» EXERCISE BRIEF
Nothing outside the range below should be printed. Output exactly the lines from the line with "leather box with" to the line with "Multi Sapphire Gemstone", both included.

» RECORDS PROVIDED
_ _ _ _

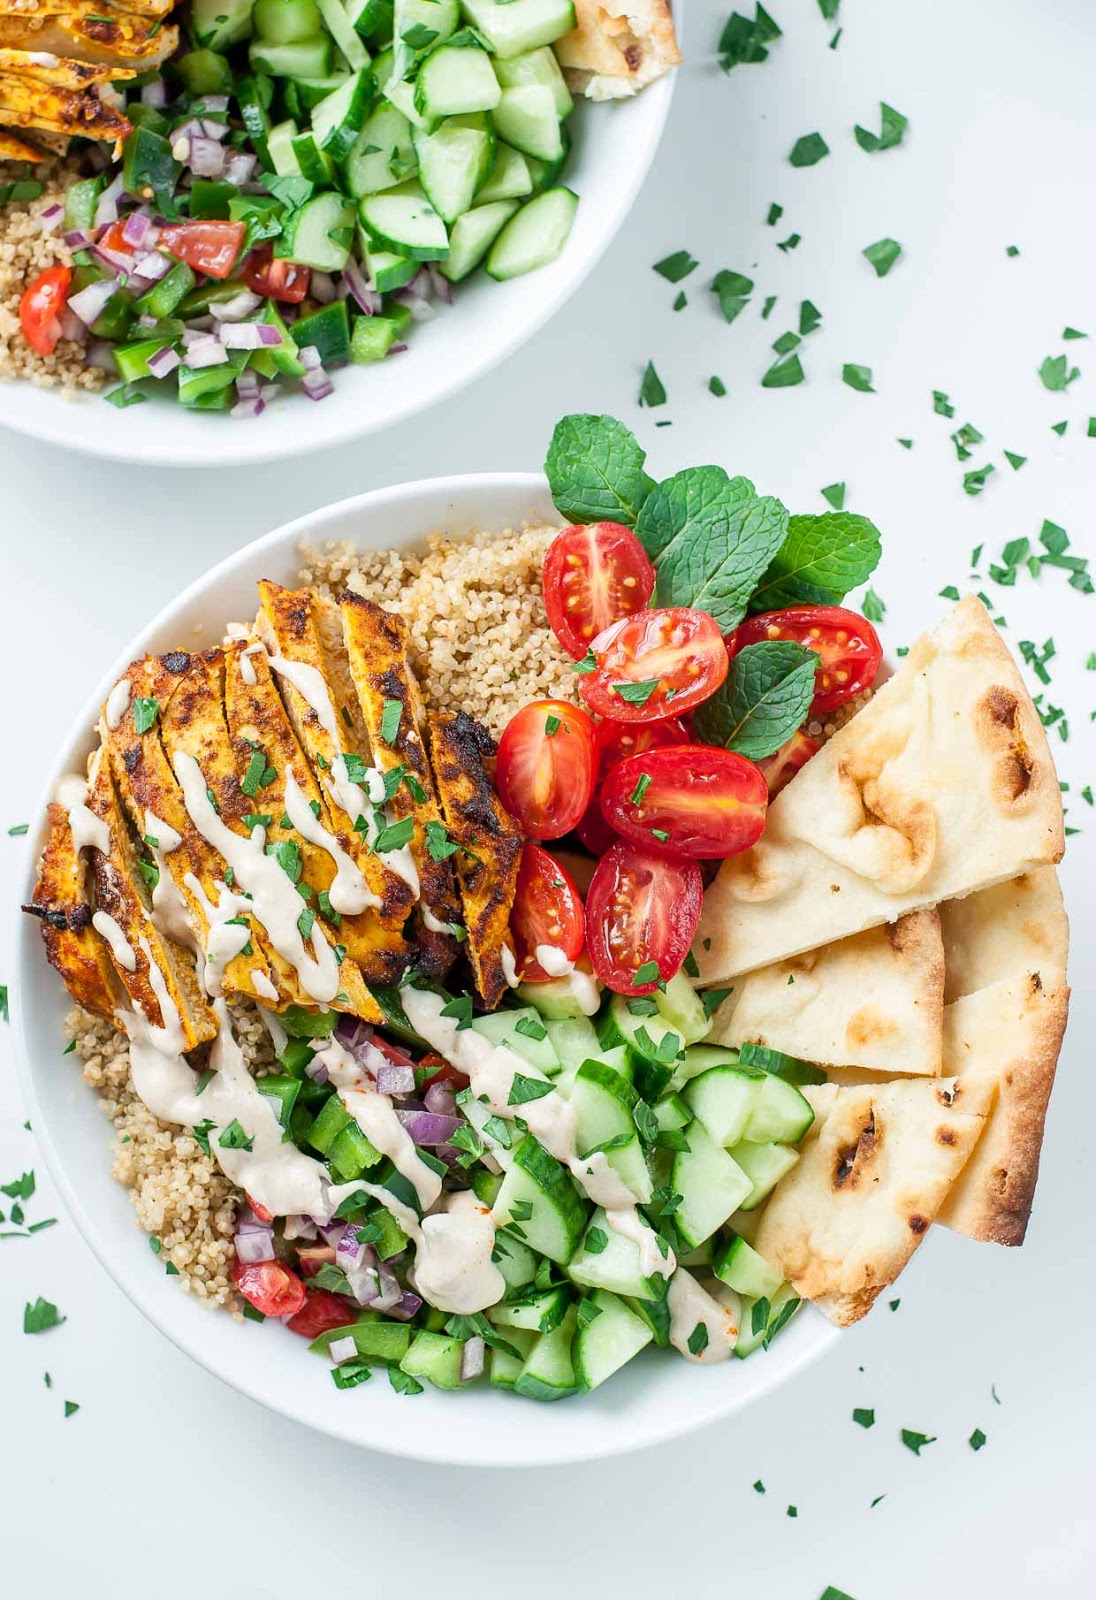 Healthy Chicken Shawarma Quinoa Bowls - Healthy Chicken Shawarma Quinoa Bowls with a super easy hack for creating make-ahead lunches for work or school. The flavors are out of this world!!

_ _ _ _

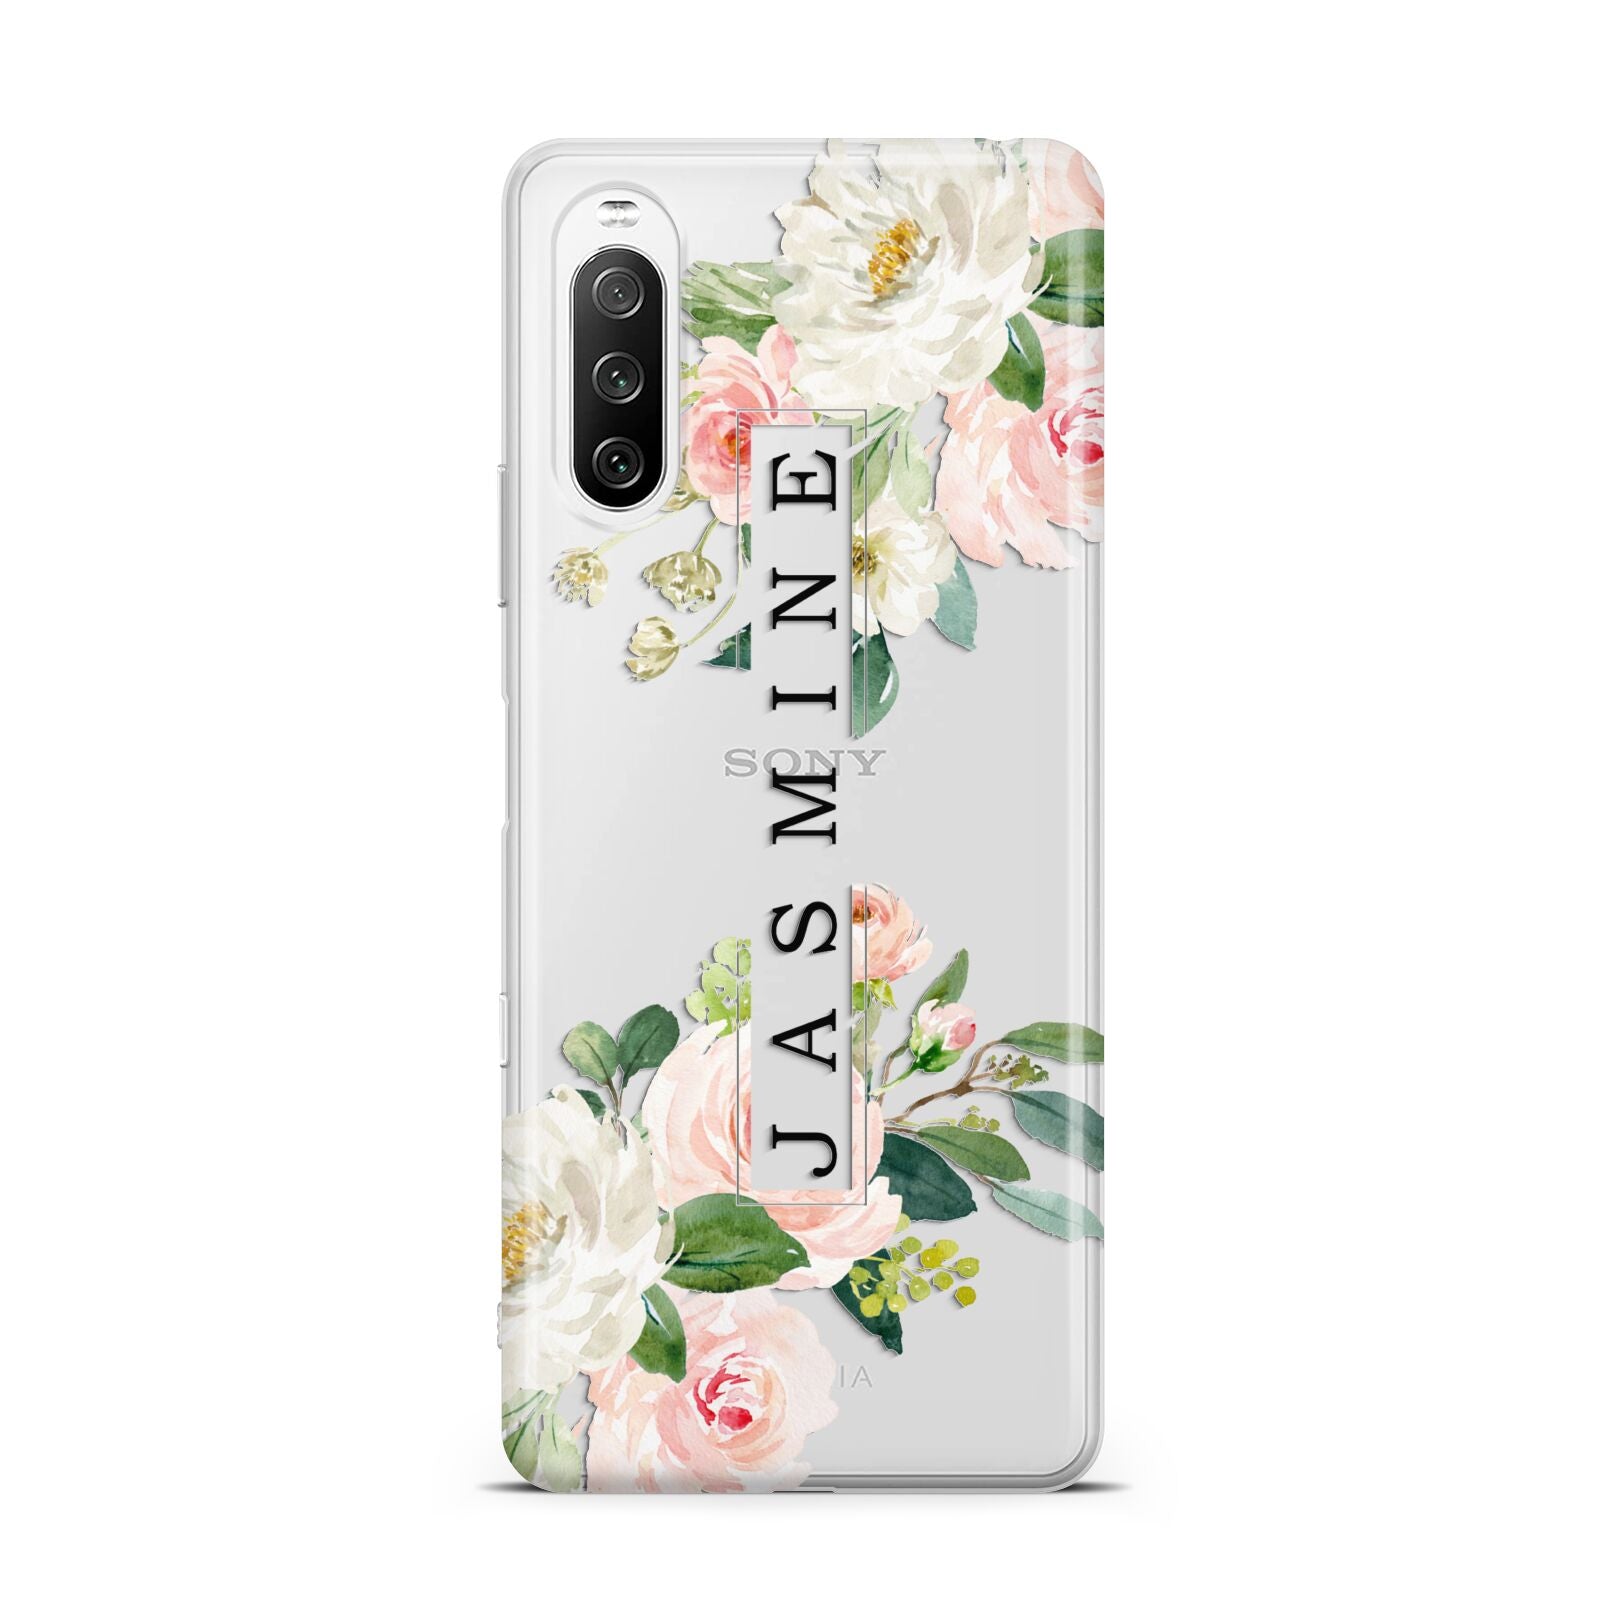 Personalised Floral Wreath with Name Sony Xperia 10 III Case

_ _ _ _

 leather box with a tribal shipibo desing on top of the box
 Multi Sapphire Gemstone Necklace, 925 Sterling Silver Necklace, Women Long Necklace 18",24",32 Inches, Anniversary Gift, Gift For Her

_ _ _ _

» OUTPUT FOR THIS TASK
 leather box with a tribal shipibo desing on top of the box
 Multi Sapphire Gemstone Necklace, 925 Sterling Silver Necklace, Women Long Necklace 18",24",32 Inches, Anniversary Gift, Gift For Her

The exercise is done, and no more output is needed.